L’Union européenne ne pourra avancer si elle se cantonne à une addition de 28 égoïsmes nationaux. Au contraire, nous avons besoin d’une action européenne commune, claire et coordonnée. La gestion des frontières extérieures de l’Union doit devenir une responsabilité européenne, afin de revenir à l’intégrité de l’espace Schengen, l’un de nos plus grands acquis, qui fait vivre l’Europe des libertés, de la mobilité et des échanges interculturels.

Oui, il faut refonder l’Europe et adopter un nouveau traité

Oui, il faut refonder l’Europe et adopter un nouveau traité. Pas pour renforcer la souveraineté des États, mais pour renforcer la souveraineté européenne.
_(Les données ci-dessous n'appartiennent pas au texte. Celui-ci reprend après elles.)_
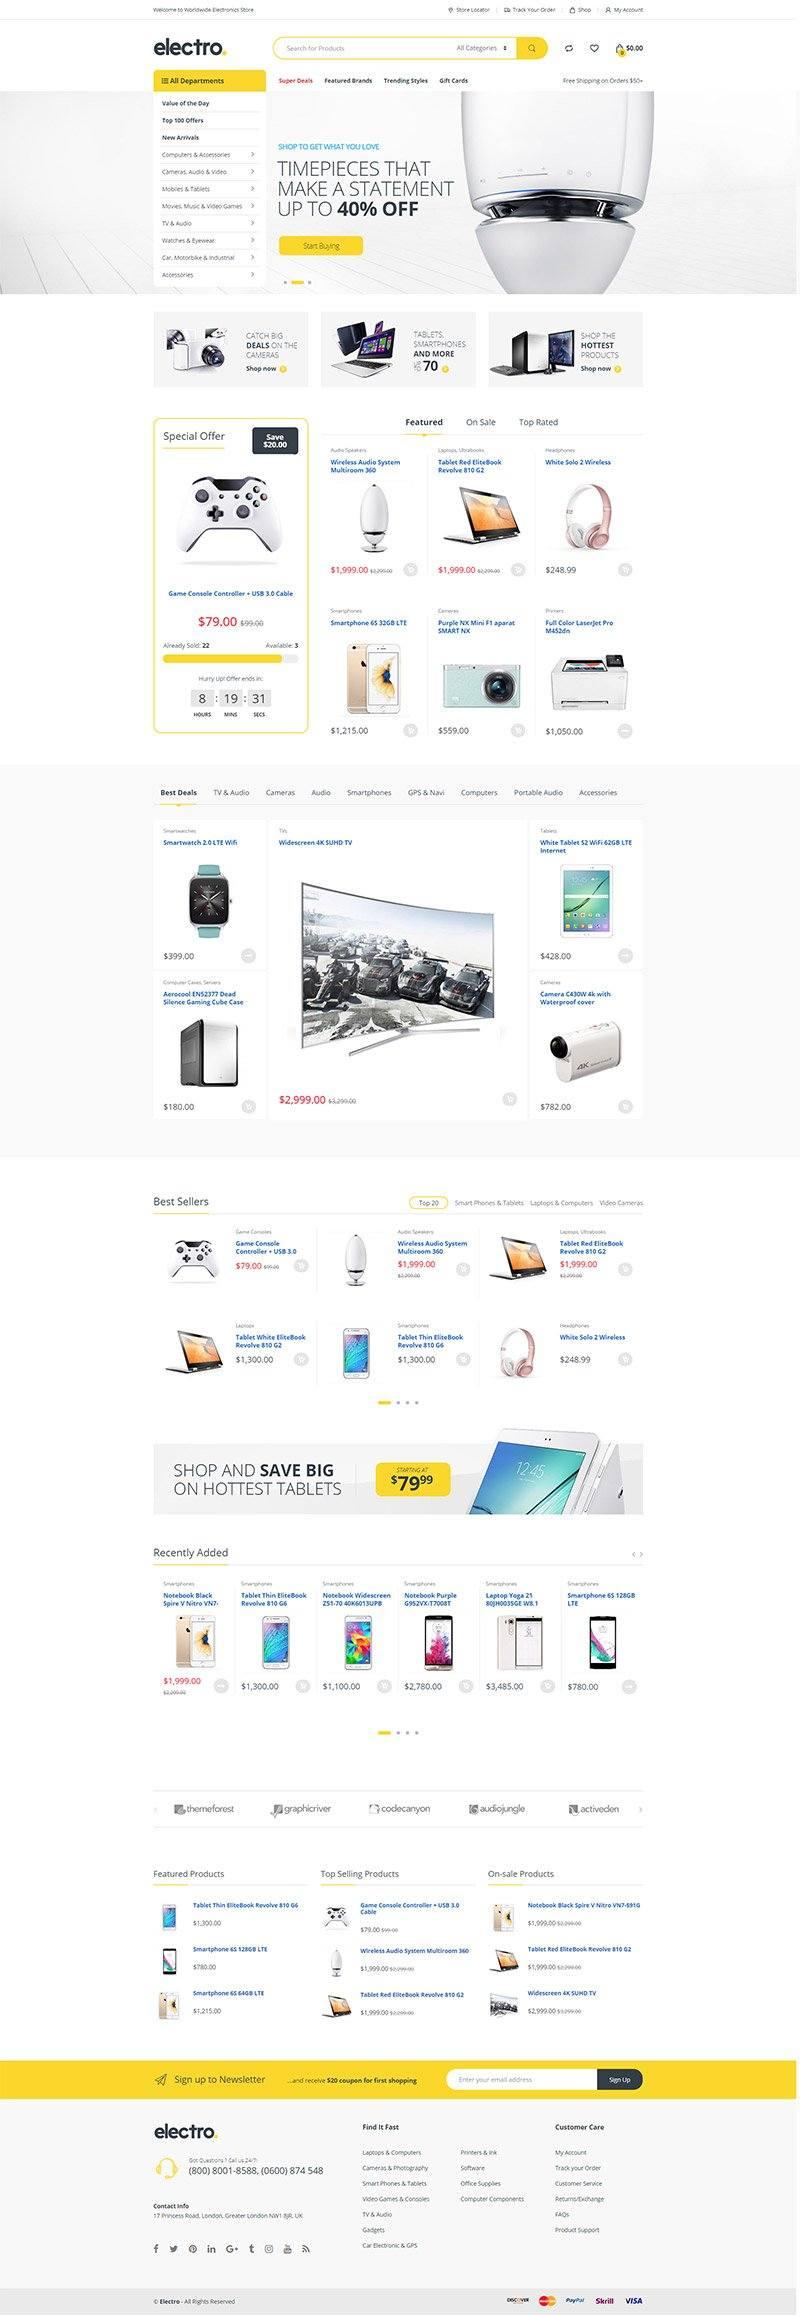 Giao-dien-website-thuong-mai-dien-tu-electro
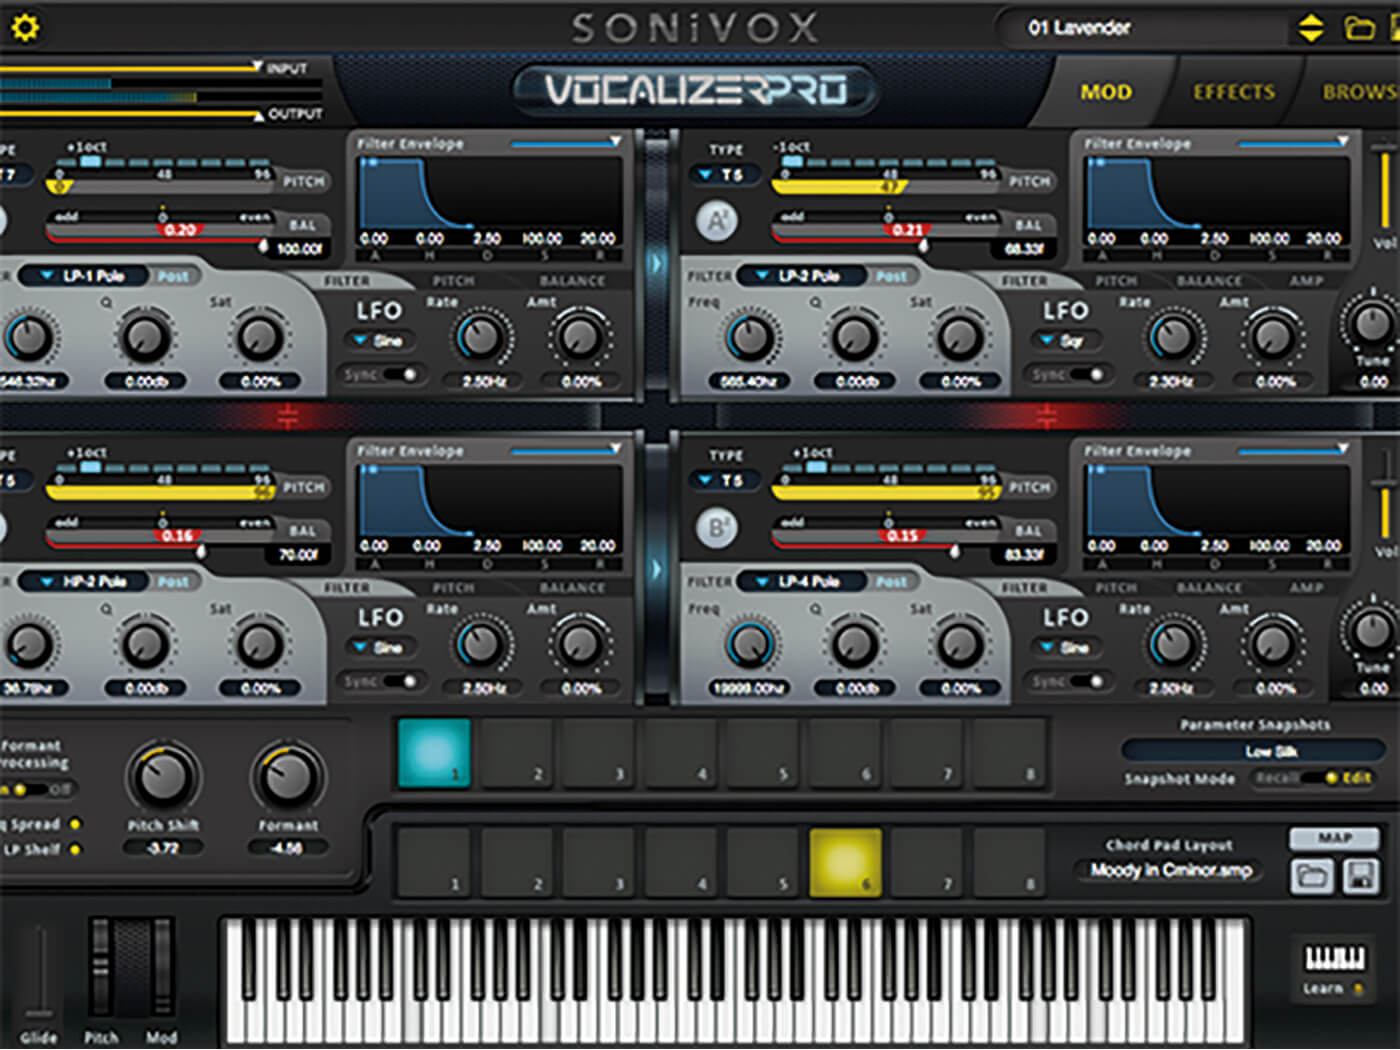 Sonivox Vocalizer Pro 1.3

Pour que les citoyens et résidents européens puissent avoir confiance en l’Union, celle-ci doit être ferme dans le respect de ses valeurs fondamentales.

Pour cela, nous avons besoin d’un nouveau Pacte de l’état de droit, qui permettrait d’assurer en permanence le respect des droits fondamentaux des Européens et de sanctionner leurs violations. Ce n’est pas en tombant dans le piège d’une Europe forteresse que nous empêcherons des migrants et des réfugiés de vouloir rejoindre notre continent. Face aux discours fondés sur la peur et le rejet de l’autre, nous appelons à la mise en place d’un système européen d’asile commun, avec un mécanisme de relocalisation à l’échelle de l’Union, qui assurerait la solidarité et le partage des responsabilités entre les États membres. Quant aux migrations économiques, il est nécessaire de les réglementer dans un cadre européen comportant la création de voies légales. Elles ne sont pas un danger pour l’Union européenne et ses États membres; au contraire, elles représentent un atout pour nos économies et une chance pour l’avenir, d’autant plus face aux défis démographiques importants que nous connaissons.